▸ **GIVEN INFORMATION**:
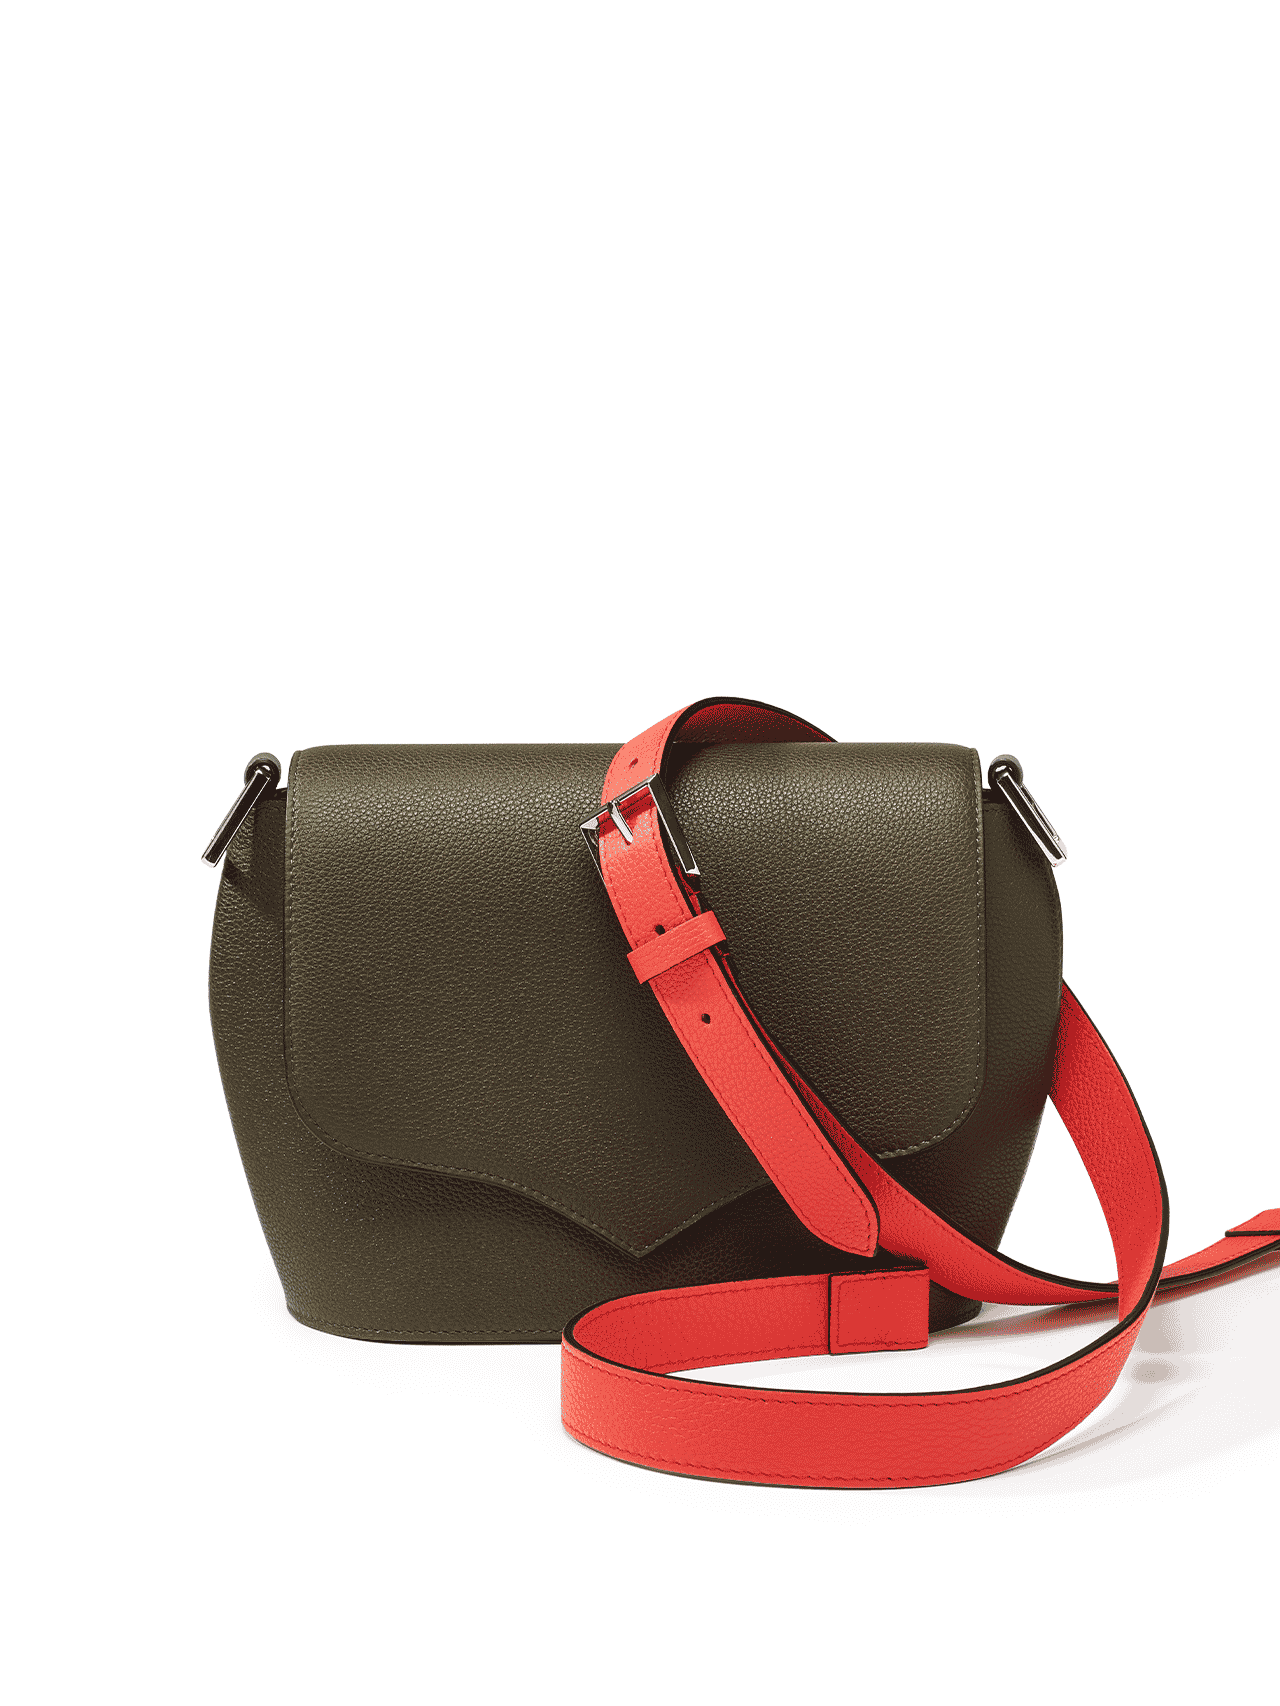 bag leather jean rousseau green red
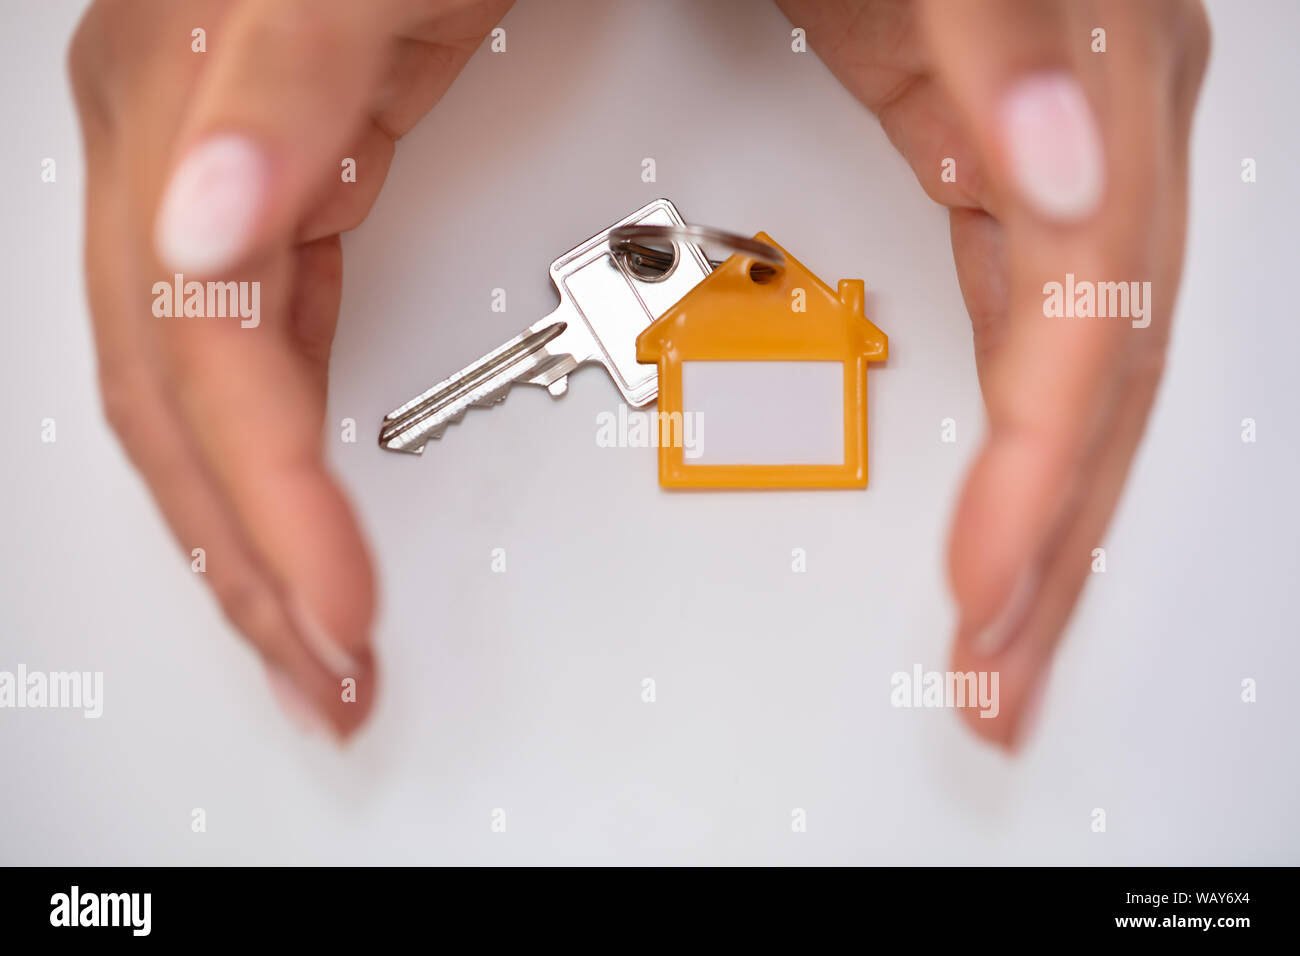 Close-up Of Person's Hand Protecting House Key With Keychain On White Desk Stock Photo
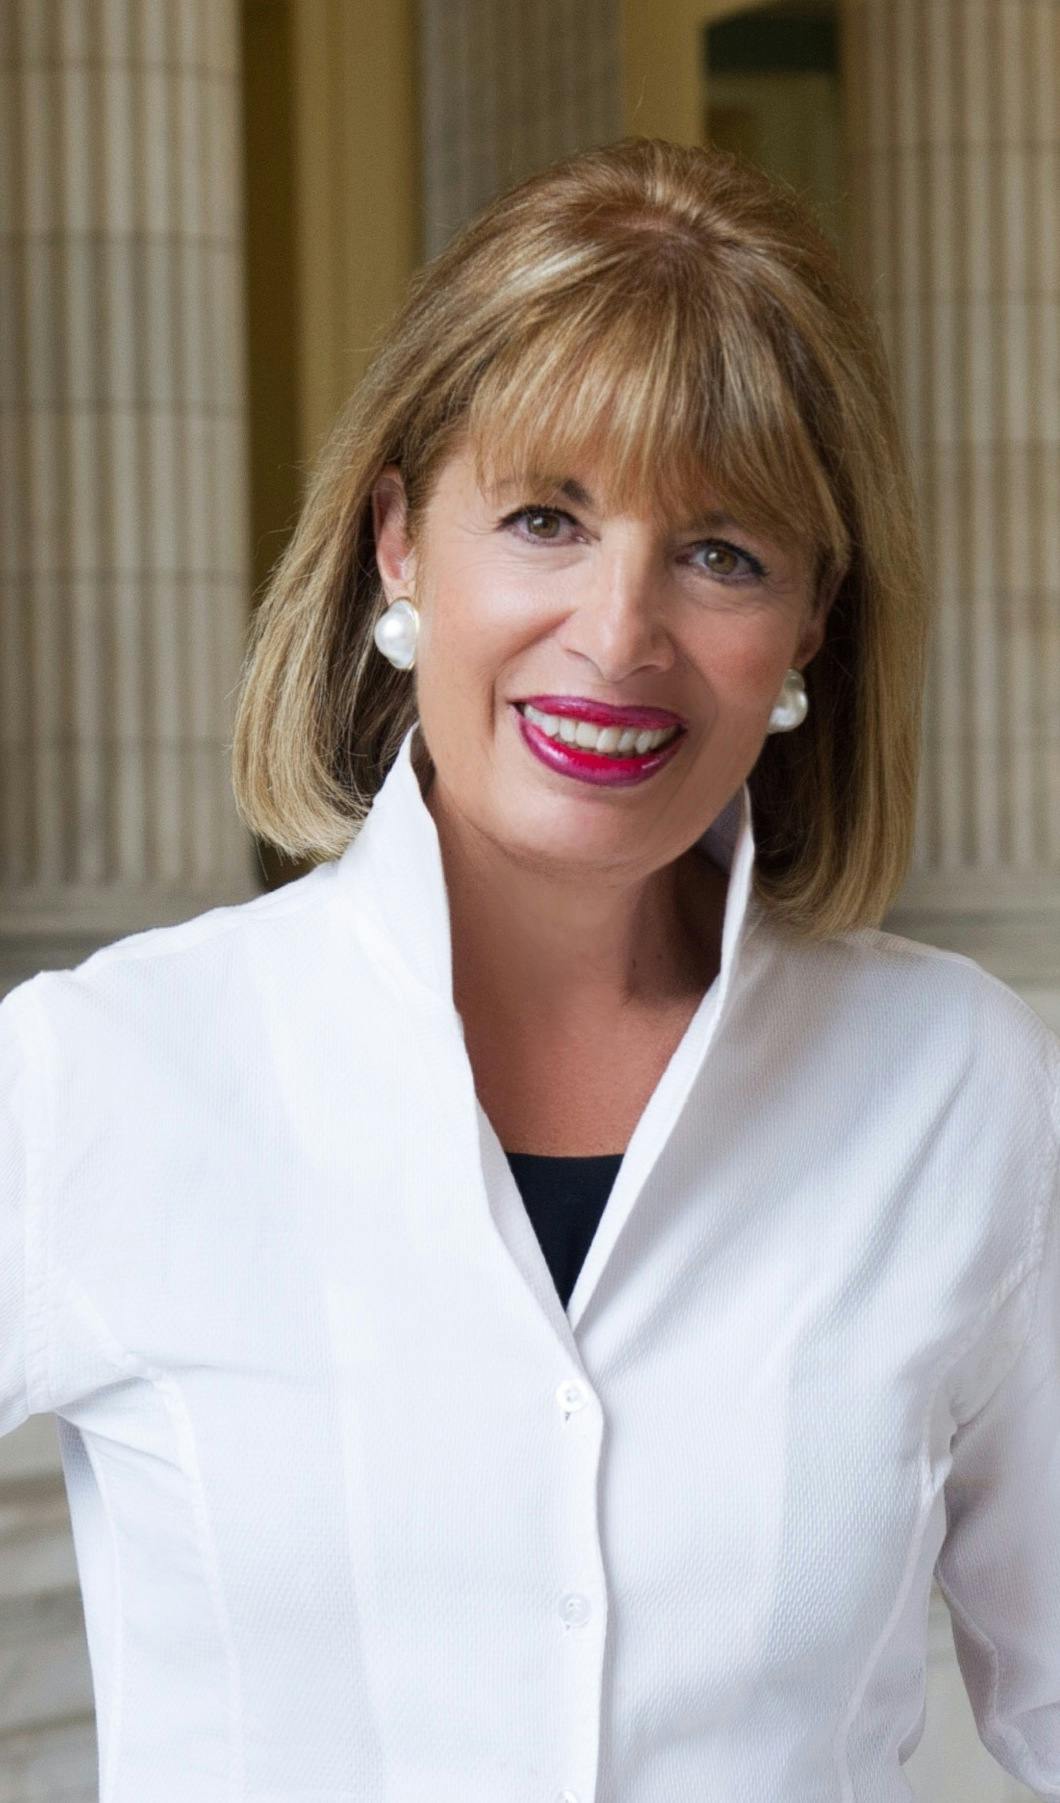 Profile picture of Jackie Speier
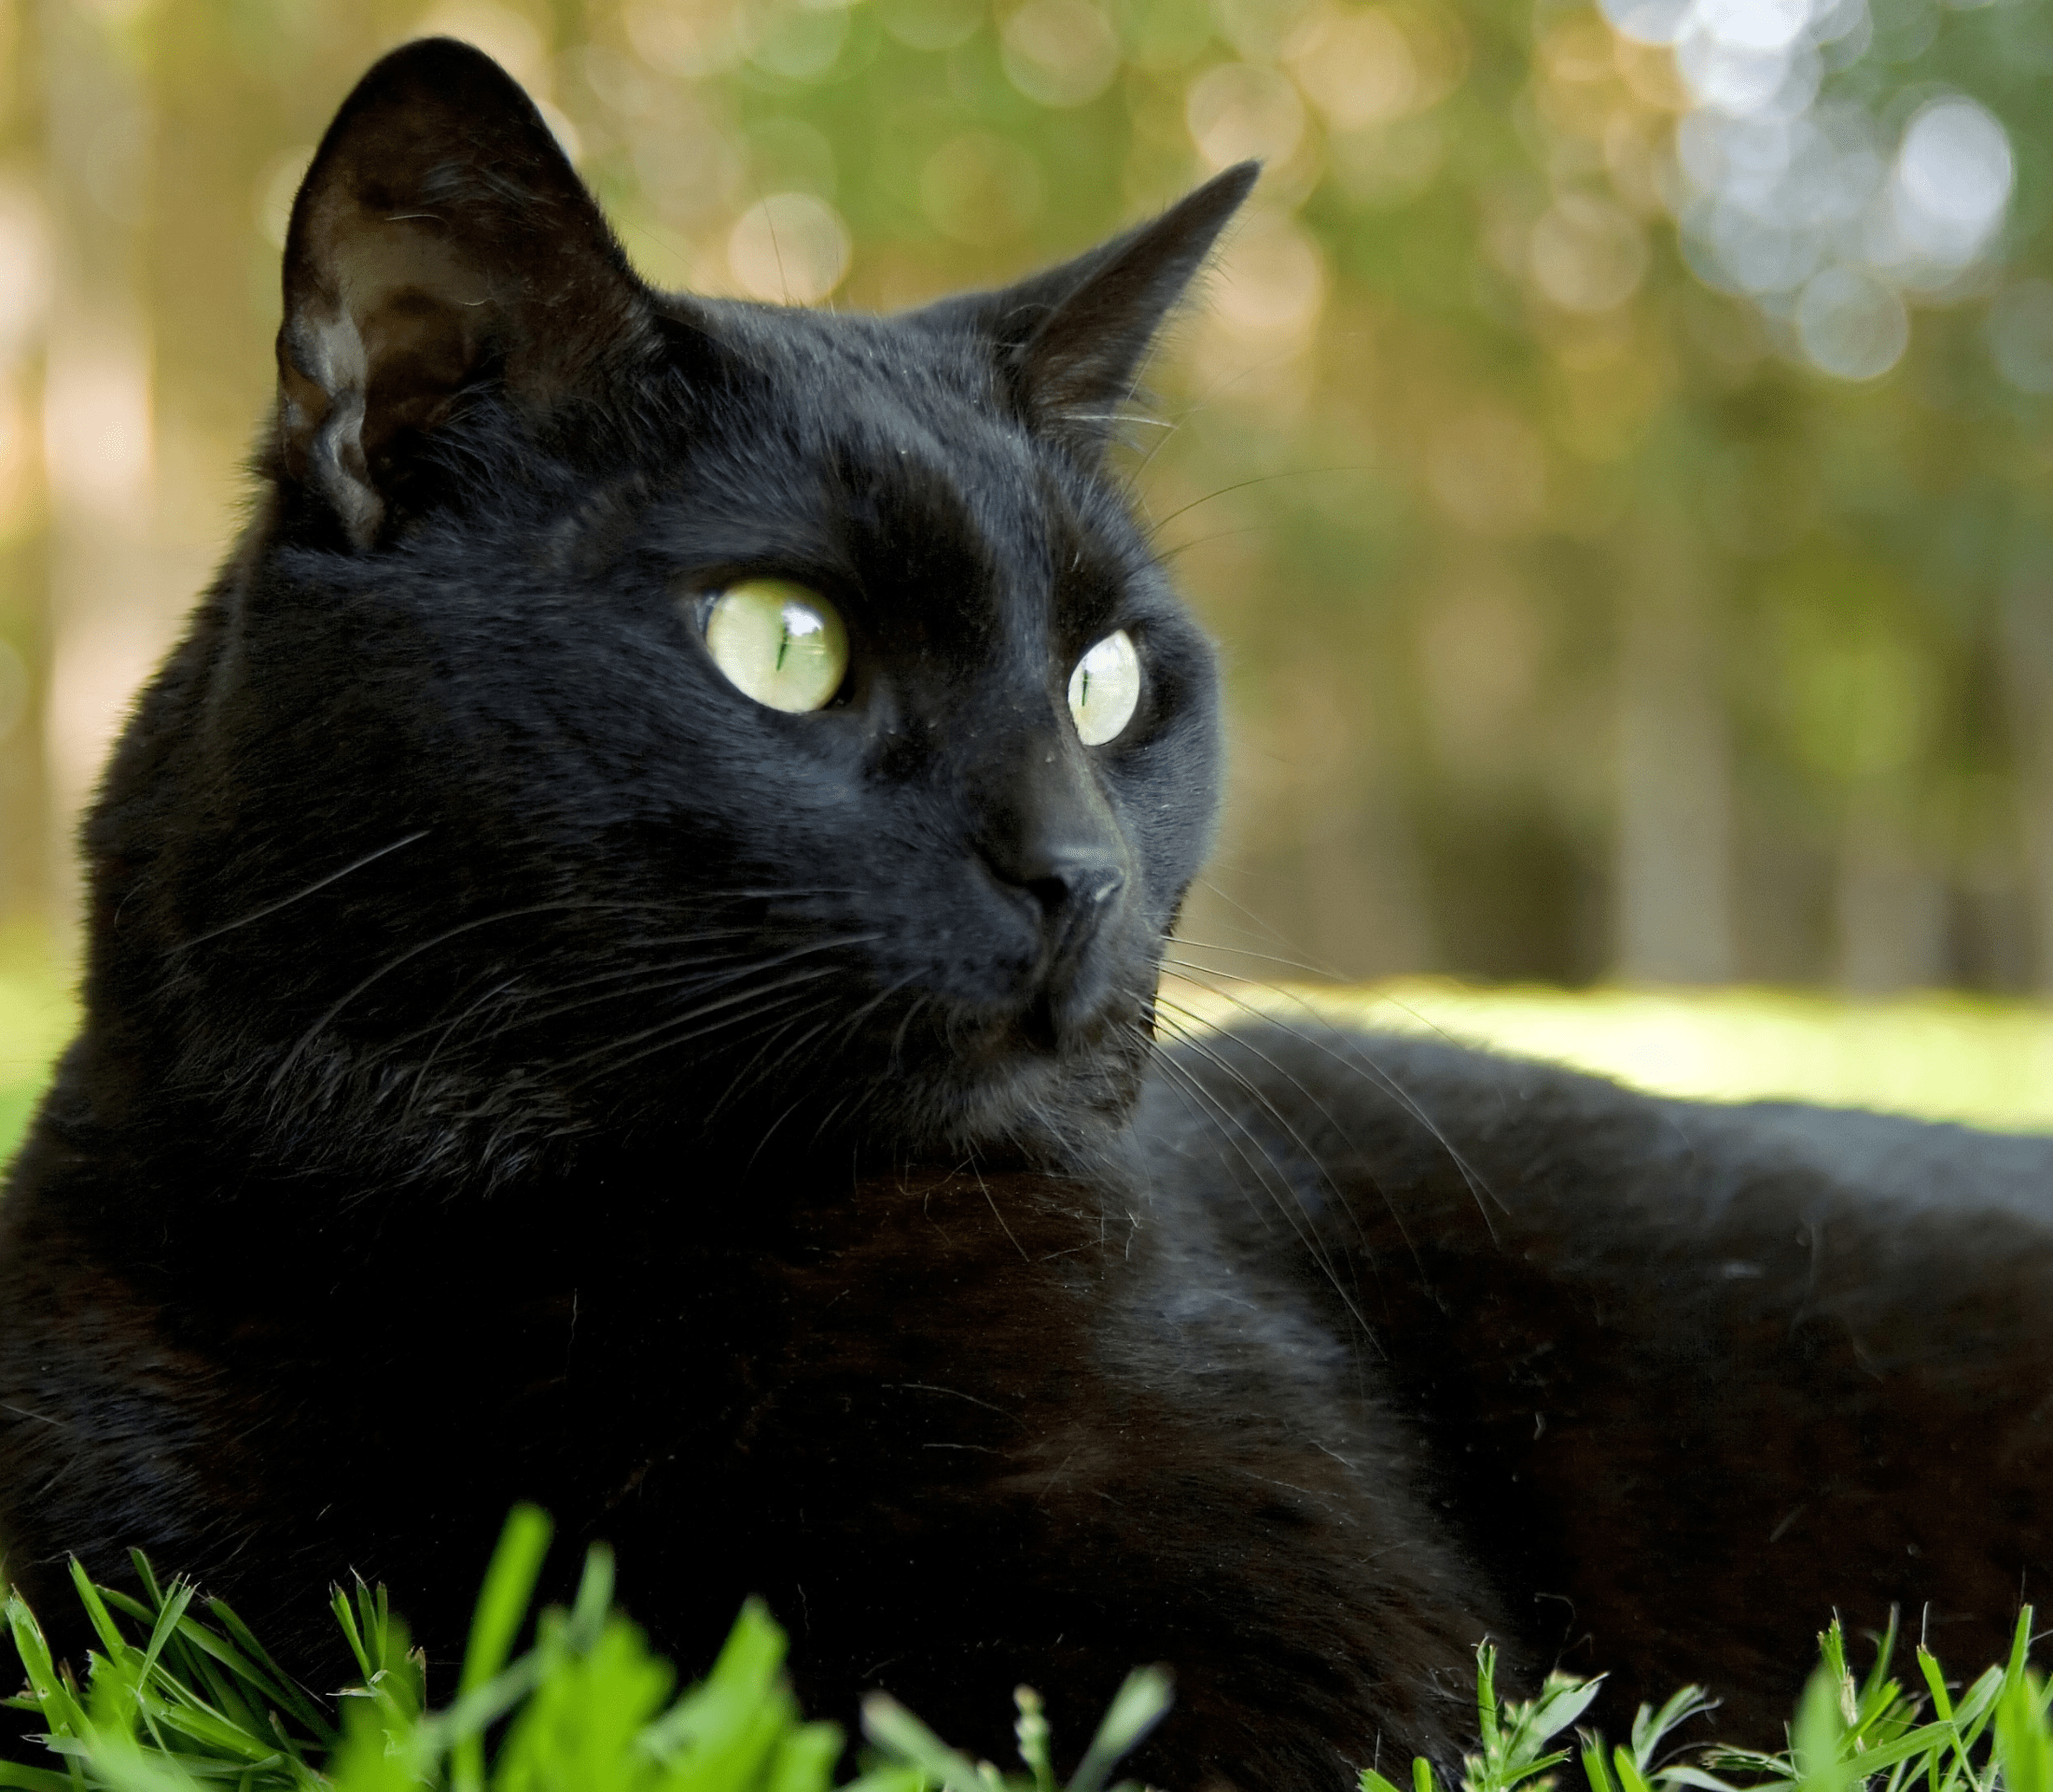 Black cat on the grass facing to the right

▸ **WHAT IS BEING ASKED**:
Starting at the line that contains "Close-up Of Person's" and ending at the final line of the data, reproduce each line exactly. Pictures stay out of the copy.

▸ **EXERCISE RESPONSE**:
 Close-up Of Person's Hand Protecting House Key With Keychain On White Desk Stock Photo
 Profile picture of Jackie Speier
 Black cat on the grass facing to the right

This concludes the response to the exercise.